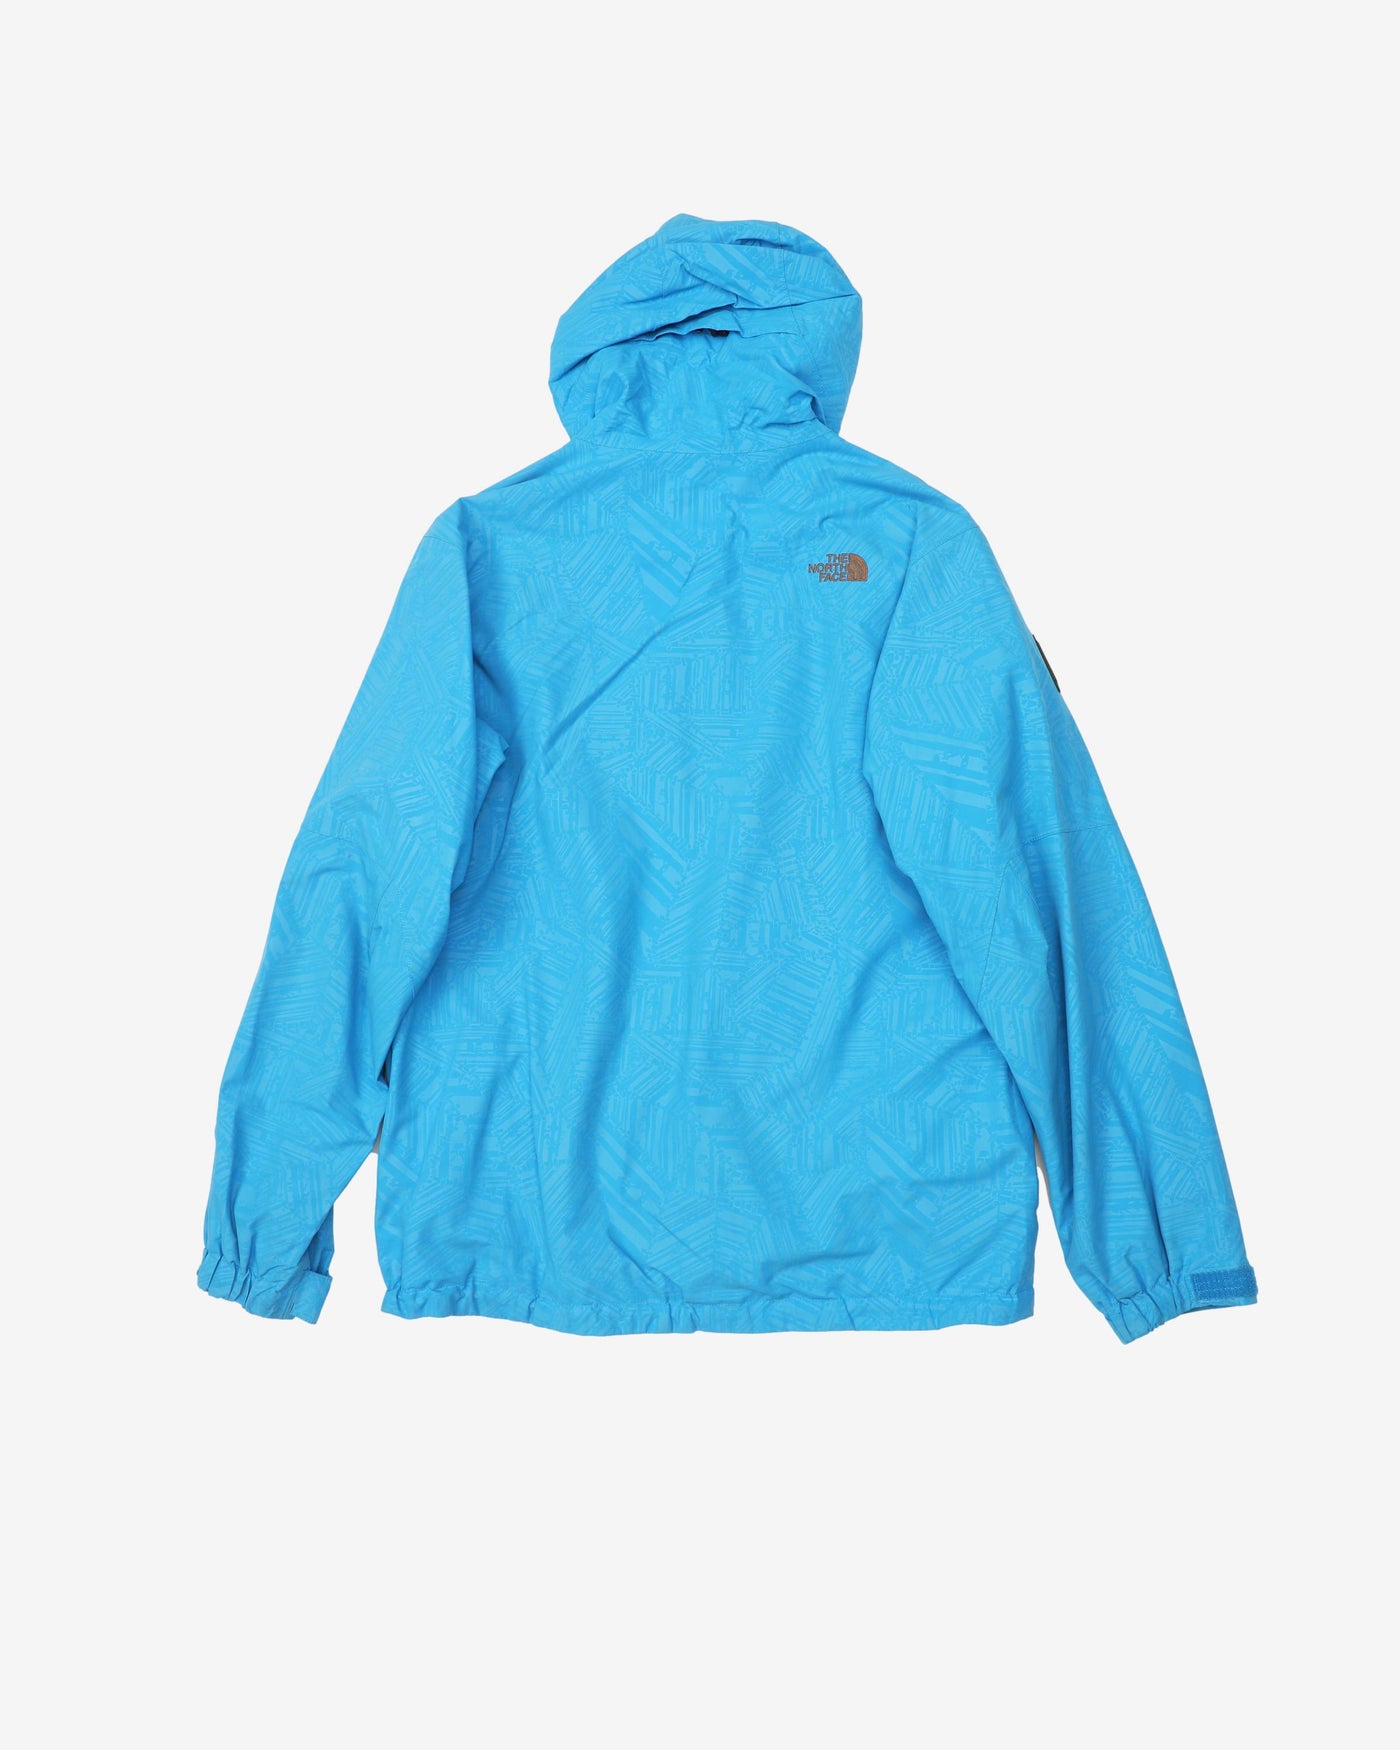 The North Face Blue Patterned Stitching Design Hooded Rain Jacket - M
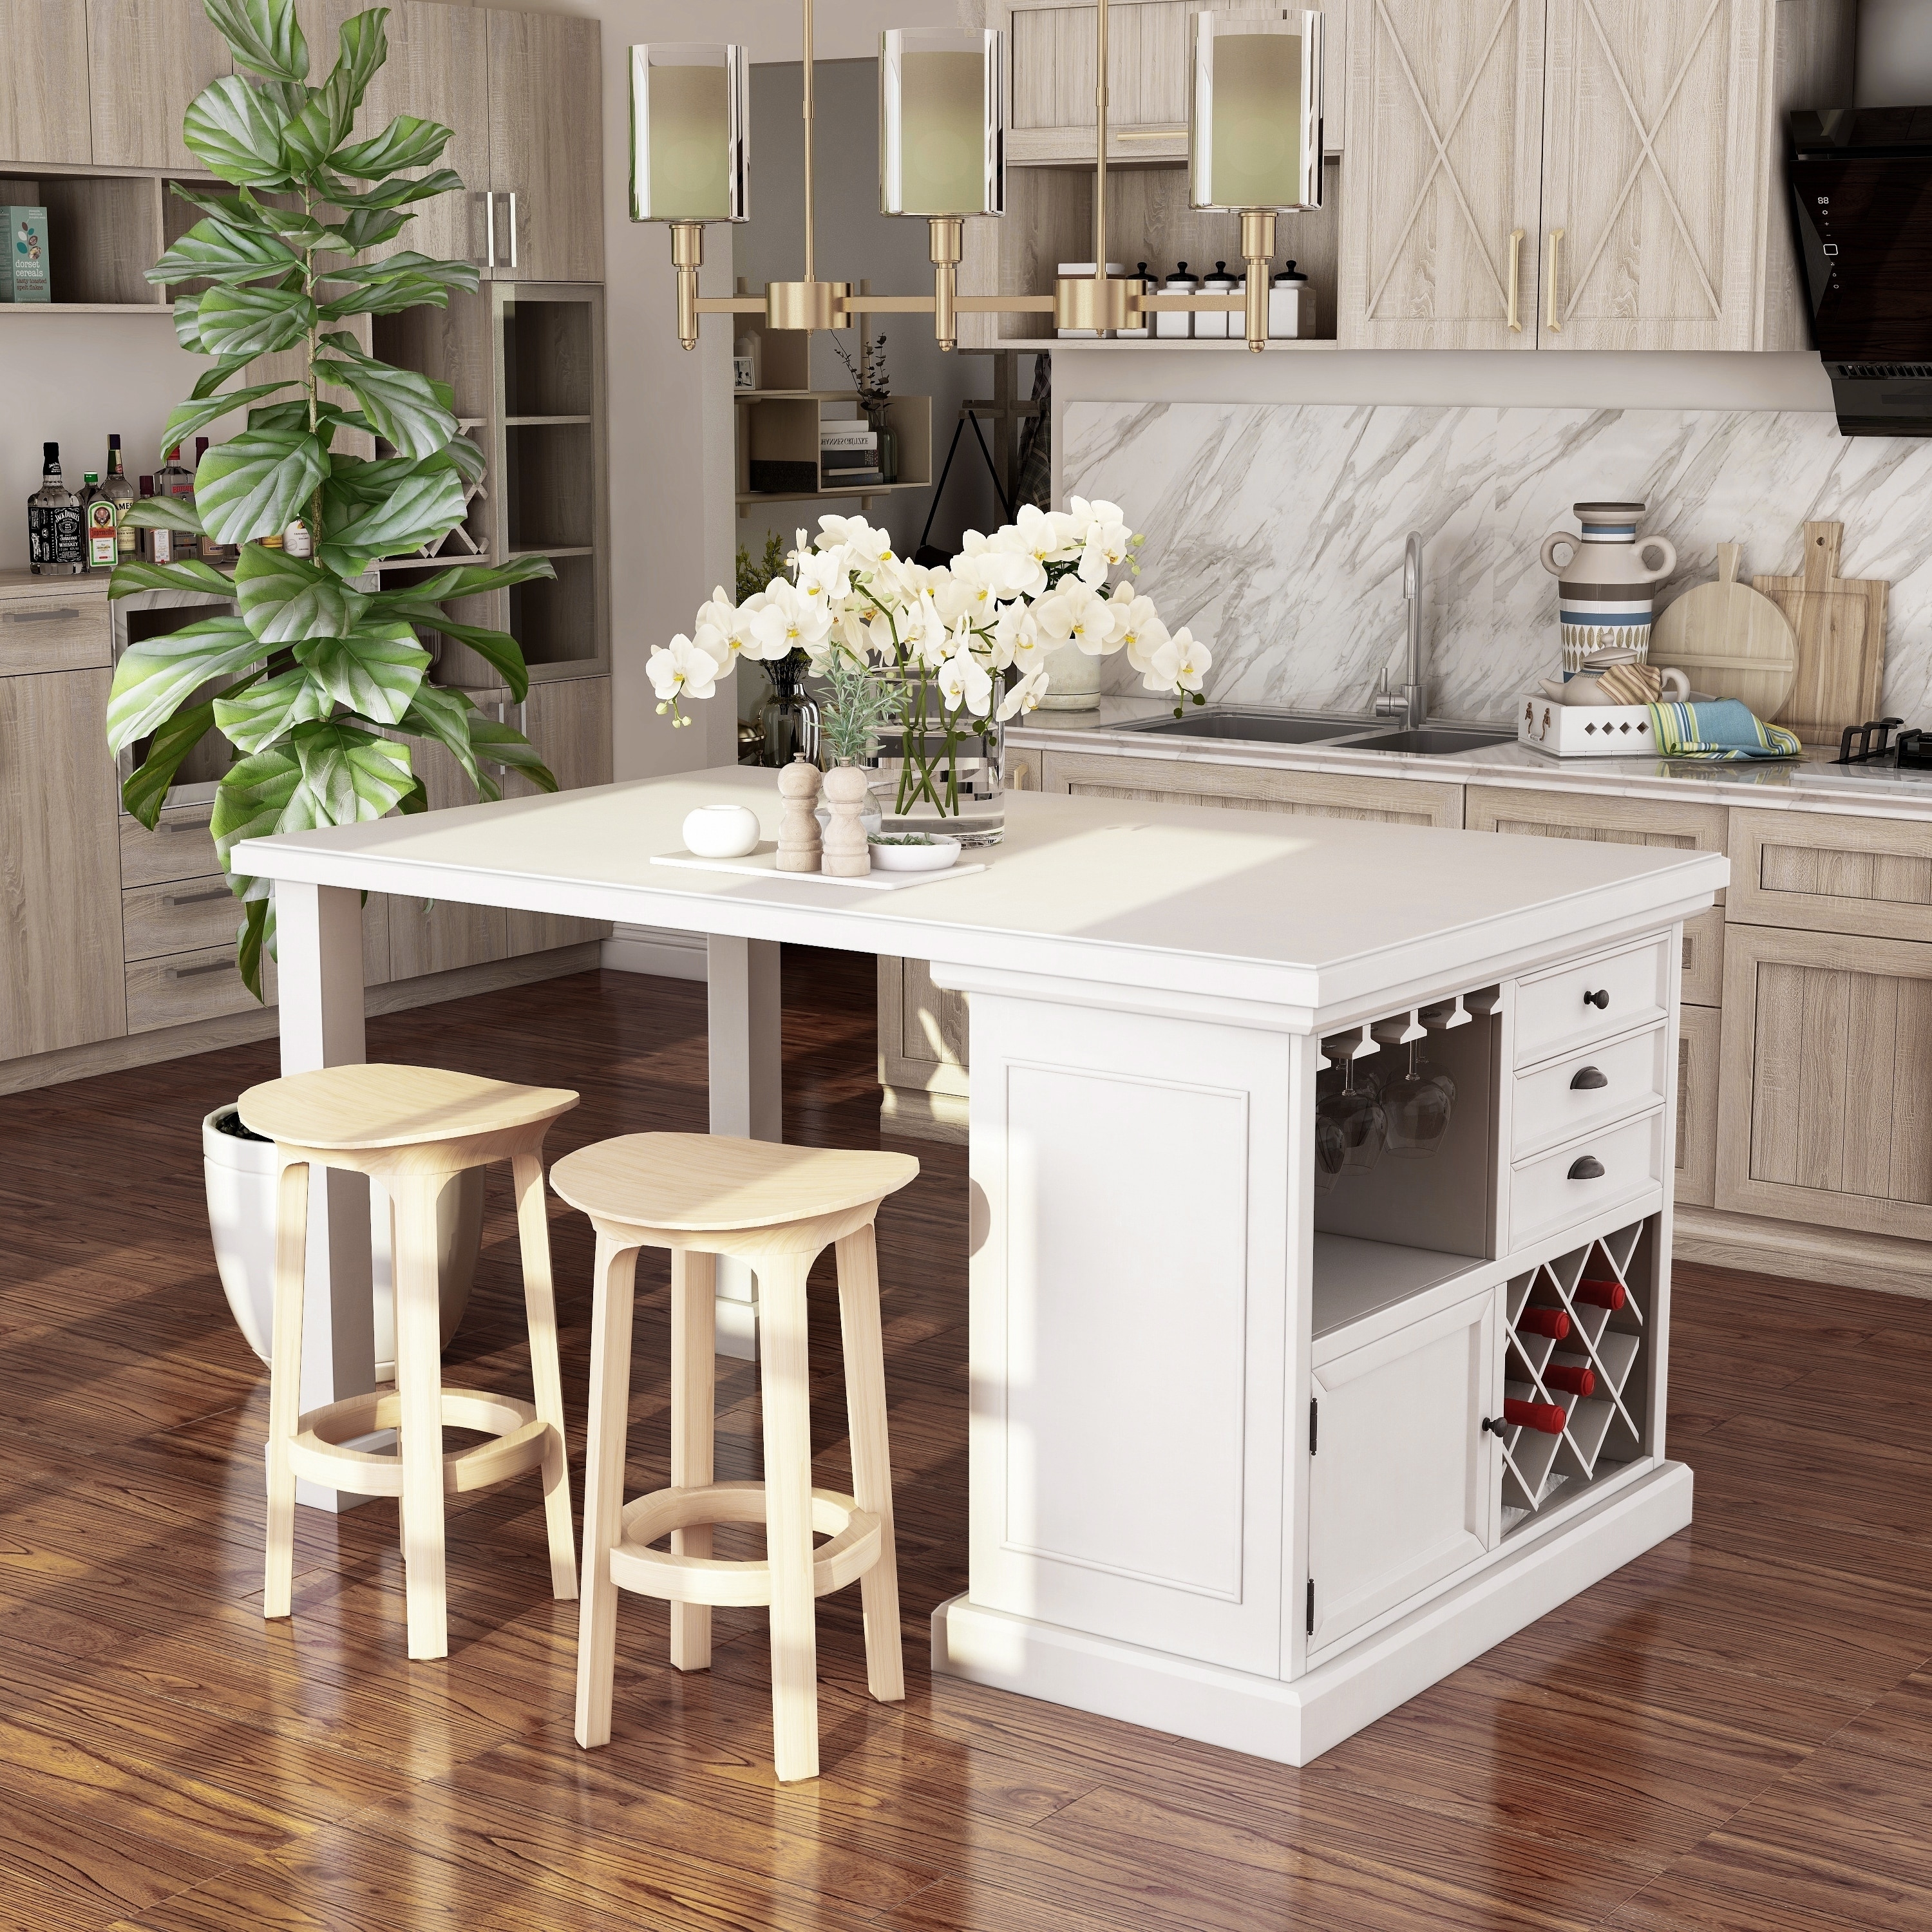 Furniture Of America Tia Transitional White 66 Inch Kitchen Island On Sale Overstock 20331449
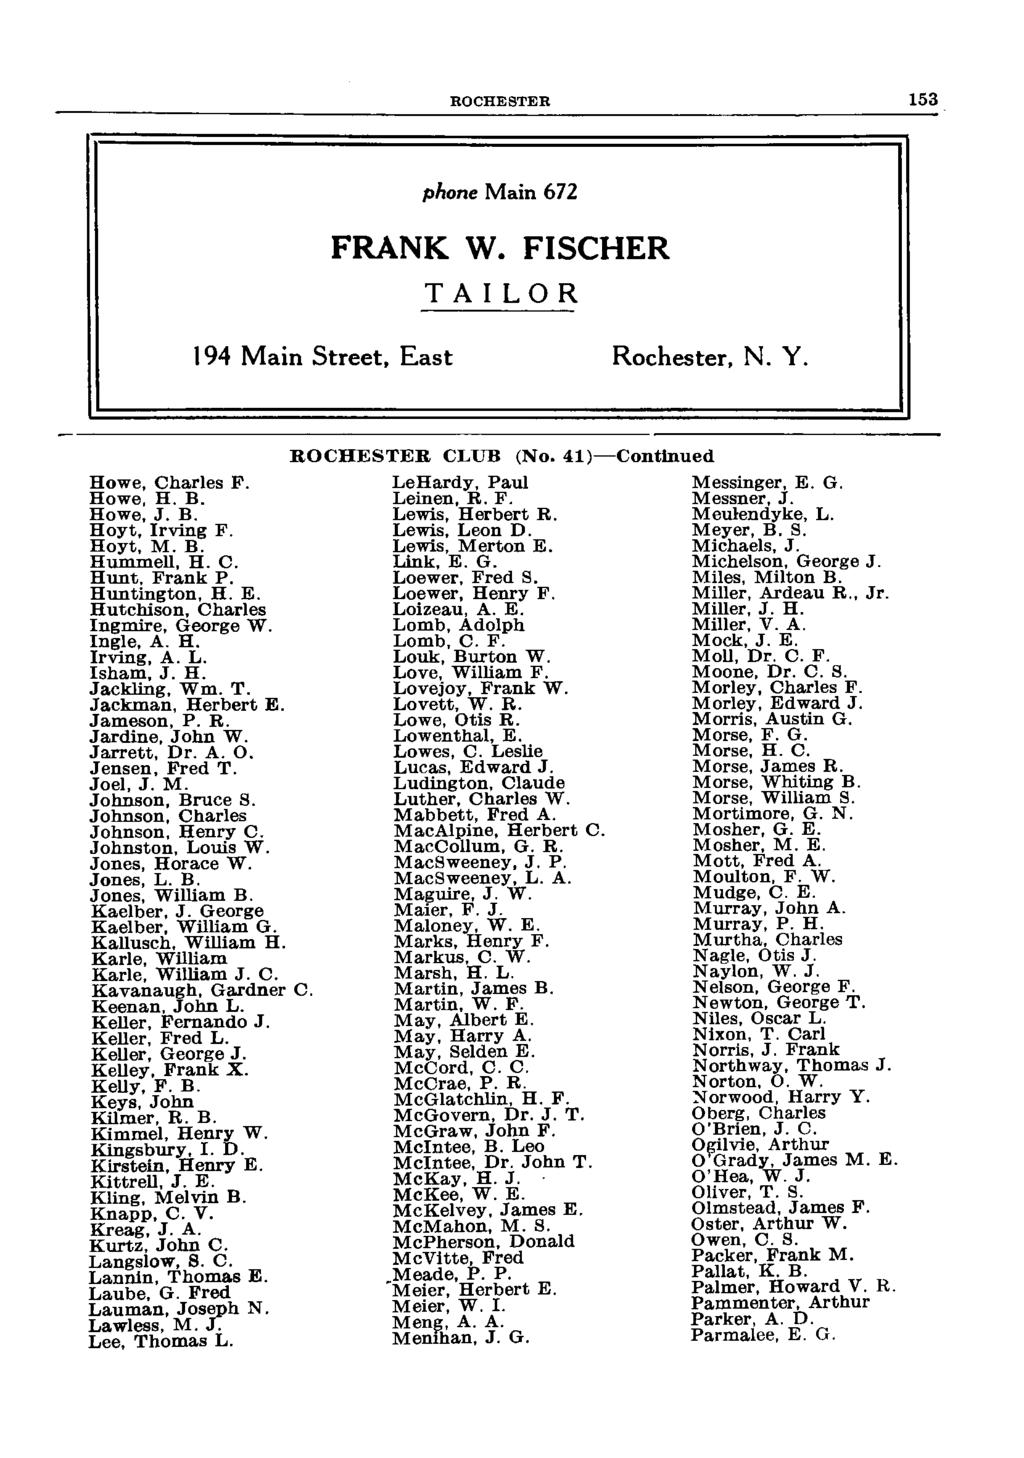 ROCHESTER phone Main 672 FRANK W. FISCHER TAILOR 194 Main Street, East Rochester, N. Y. Howe, Charles F. Howe, H. B. Howe, J. B. Hoyt, Irving F. Hoyt, M. B. Hummell, H. C. Hunt. Frank P.

- - - -

| PROBLEM |
Output all data exactly, omitting images.

| RESPONSE |
 The North Face Blue Patterned Stitching Design Hooded Rain Jacket - M
 Furniture Of America Tia Transitional White 66 Inch Kitchen Island On Sale Overstock 20331449
 ROCHESTER phone Main 672 FRANK W. FISCHER TAILOR 194 Main Street, East Rochester, N. Y. Howe, Charles F. Howe, H. B. Howe, J. B. Hoyt, Irving F. Hoyt, M. B. Hummell, H. C. Hunt. Frank P.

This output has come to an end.